As I understand it, and as they mention, training data for the latter stages has typically required high-quality human-curated samples in large numbers, even if they're augmented using LLMs, say by generating multiple variations of each human-curated training sample.

Their proposal is to have a generative adversarial network generate that data without any initial human input, ie from scratch.

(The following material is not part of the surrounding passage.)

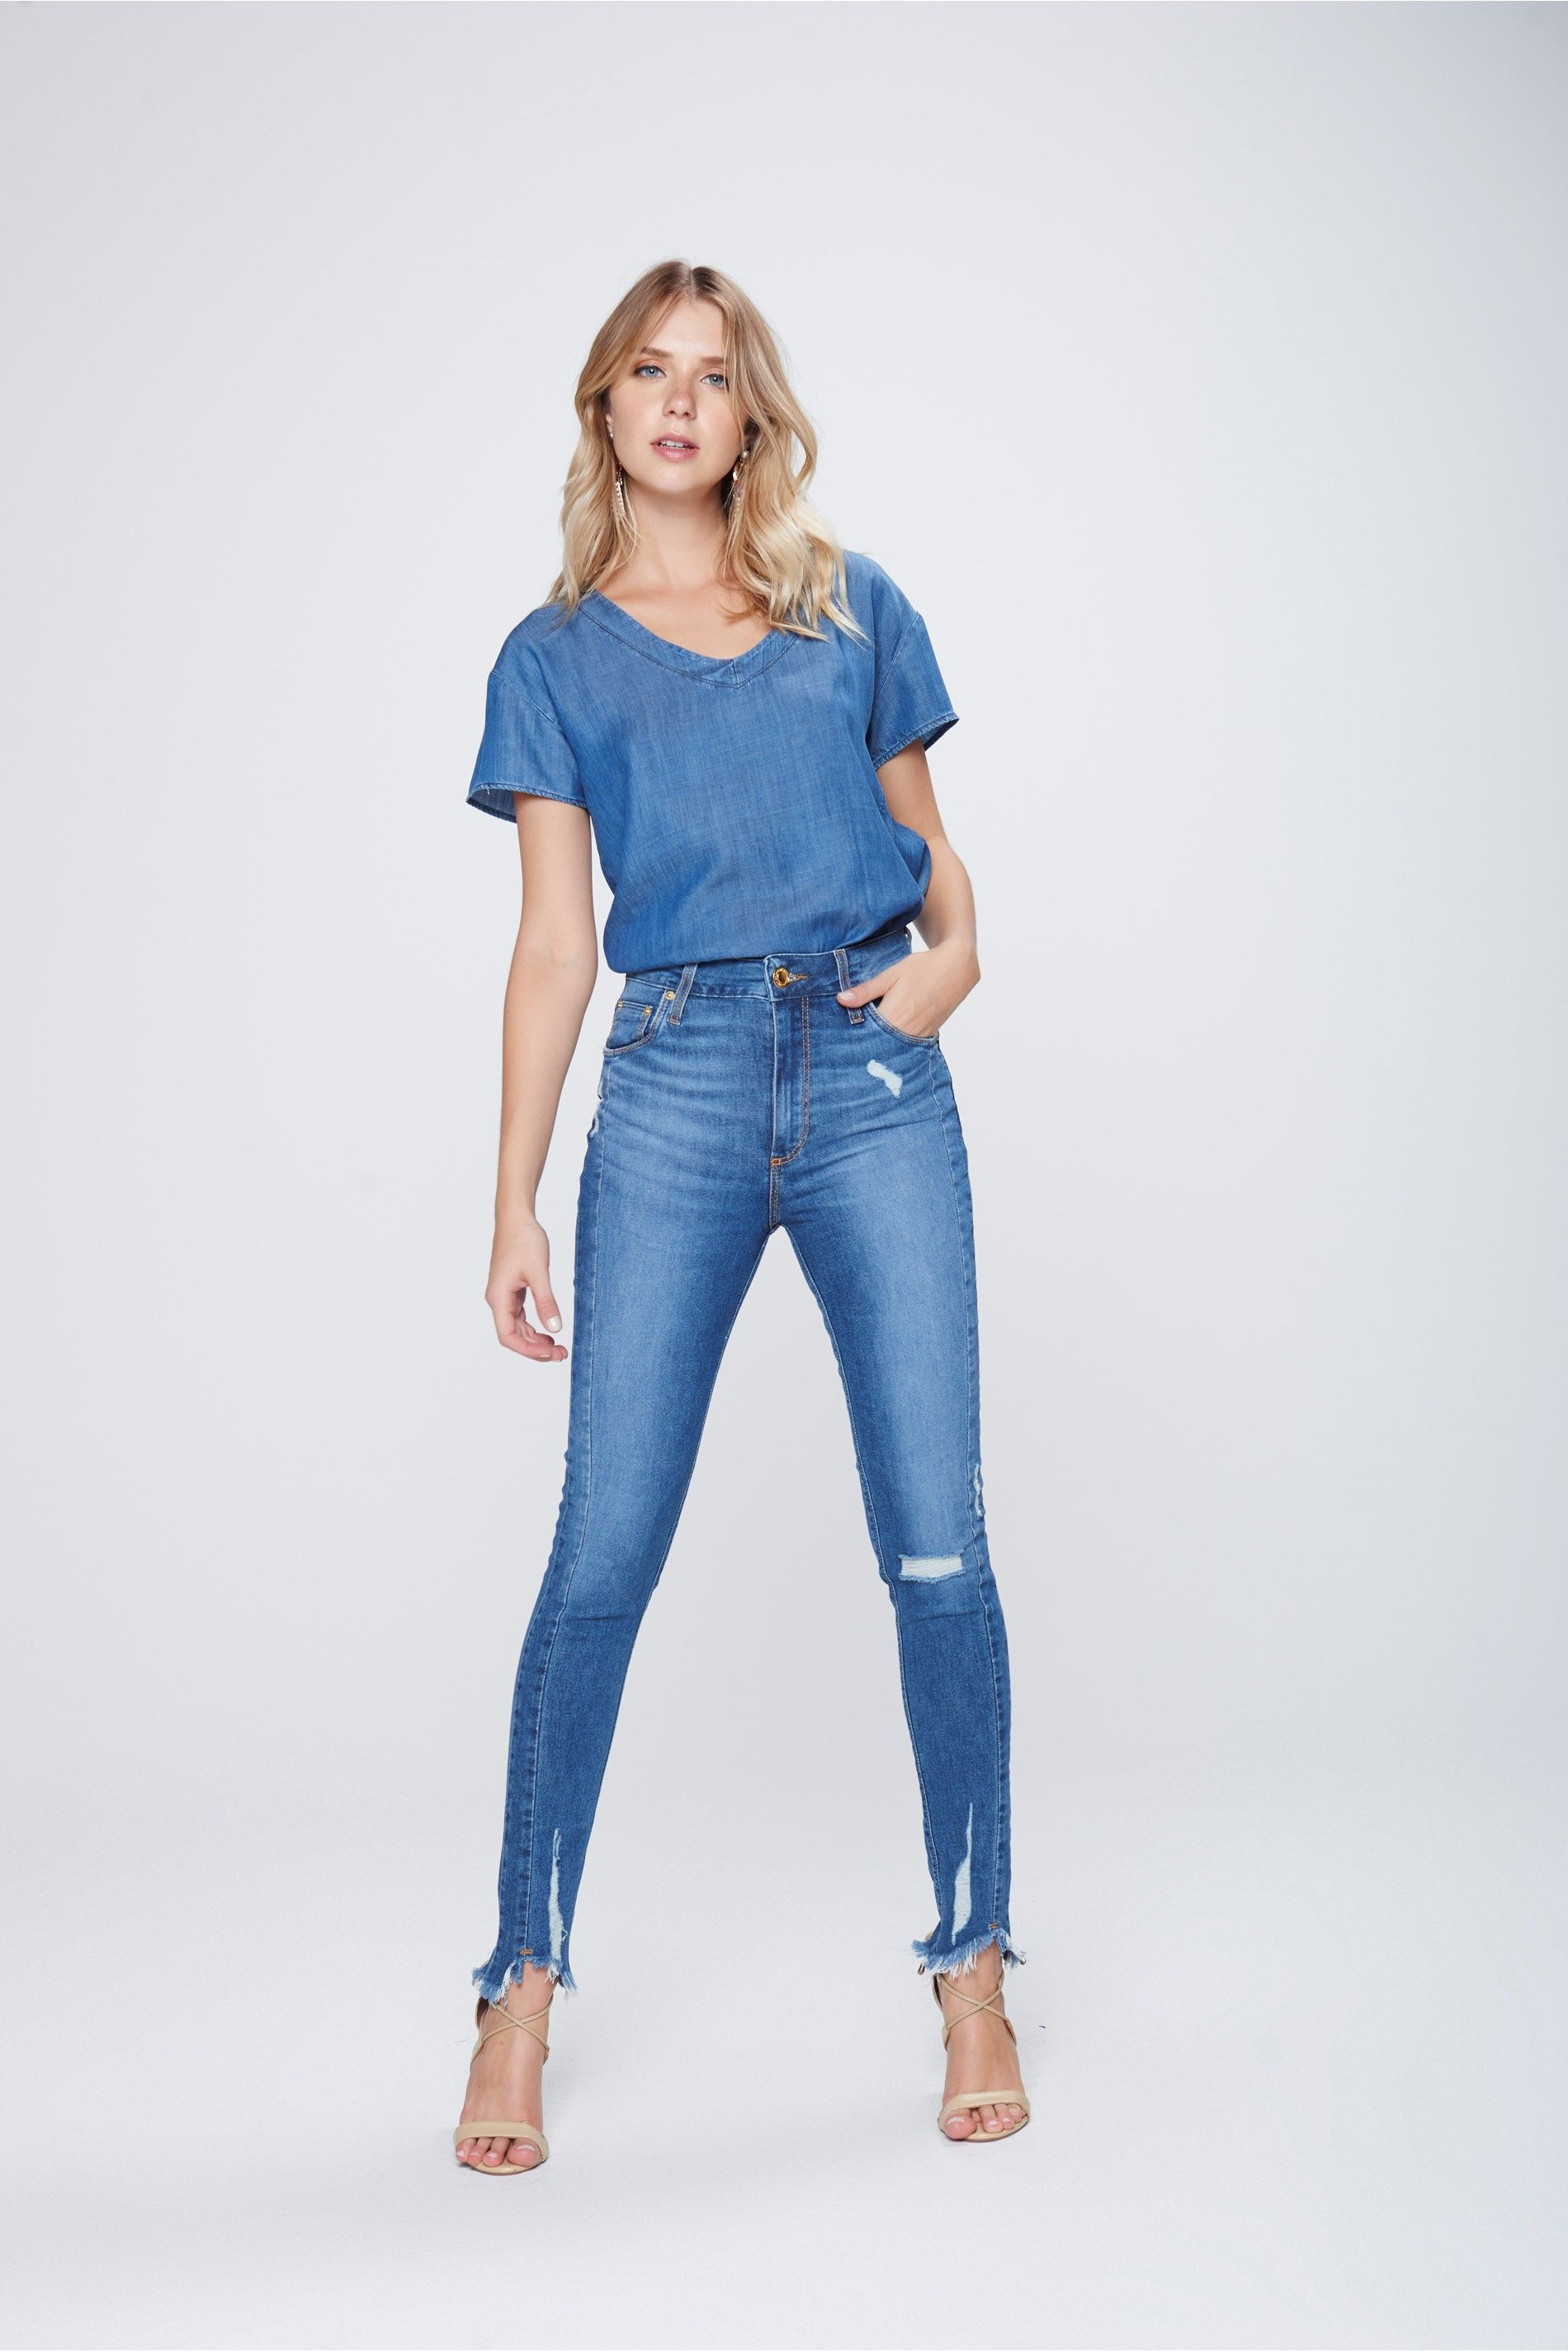 798db7c54b8 Calça Jeans Cigarrete Feminina - Damyller

[1]: https://snorkel.ai/blog/large-language-model-training-three-...

tucnak•1h ago
AlphaZero is oftentimes dragged out to ridicule the so-called "self-play LLM training" techniques, although I don't think these arguments are terribly convincing. You can think of AlphaZero games as effectively synthetic data in adversarial setting; yes, it's easy to produce and verify as the rules of chess are verifiable, so it doesn't require much data on paper. This is not the case for most texts, with some notable exceptions in verifiable domains, where self-play is coincidentally applied most successfully. Thus, you could make an argument that the pre-existing "trained LLM" is merely functioning as a verifier proxy, analogous to the well-defined chess verifier in AlphaZero.
nakamoto_damacy•1h ago
Perpetual Motion Machines were a thing at some point, too.
YeGoblynQueenne•1h ago
Don't laugh. PMMs work! I built mine ten years ago when I realised I could improve the SOTA by a huge 20%. I've been improving it for the last 10 years and I get an average performance boost of ~0.25 every year. We will have Free Energy in the next 10 years.
api•1h ago
I refer to the endless self improving runaway AI as an “information theoretic perpetual motion machine.”

This will work in a sense. It will do… something… and learn… something. It will be unrelated to the physical universe in any way. See also: procedural landscape generators, etc.

K0balt•4m ago
Might kinda work if you have it tools to do its research on the open internet, fiverr, mechanical Turk, etc.
clbrmbr•26m ago
Terrible choice of name. DeepSeek developed a historically important model called “R-Zero” (this was the predecessor to R1 that was training without any coldstart SFT, and was very strong but difficult to read chain of thought because it code switches into Chinese and has no line breaks).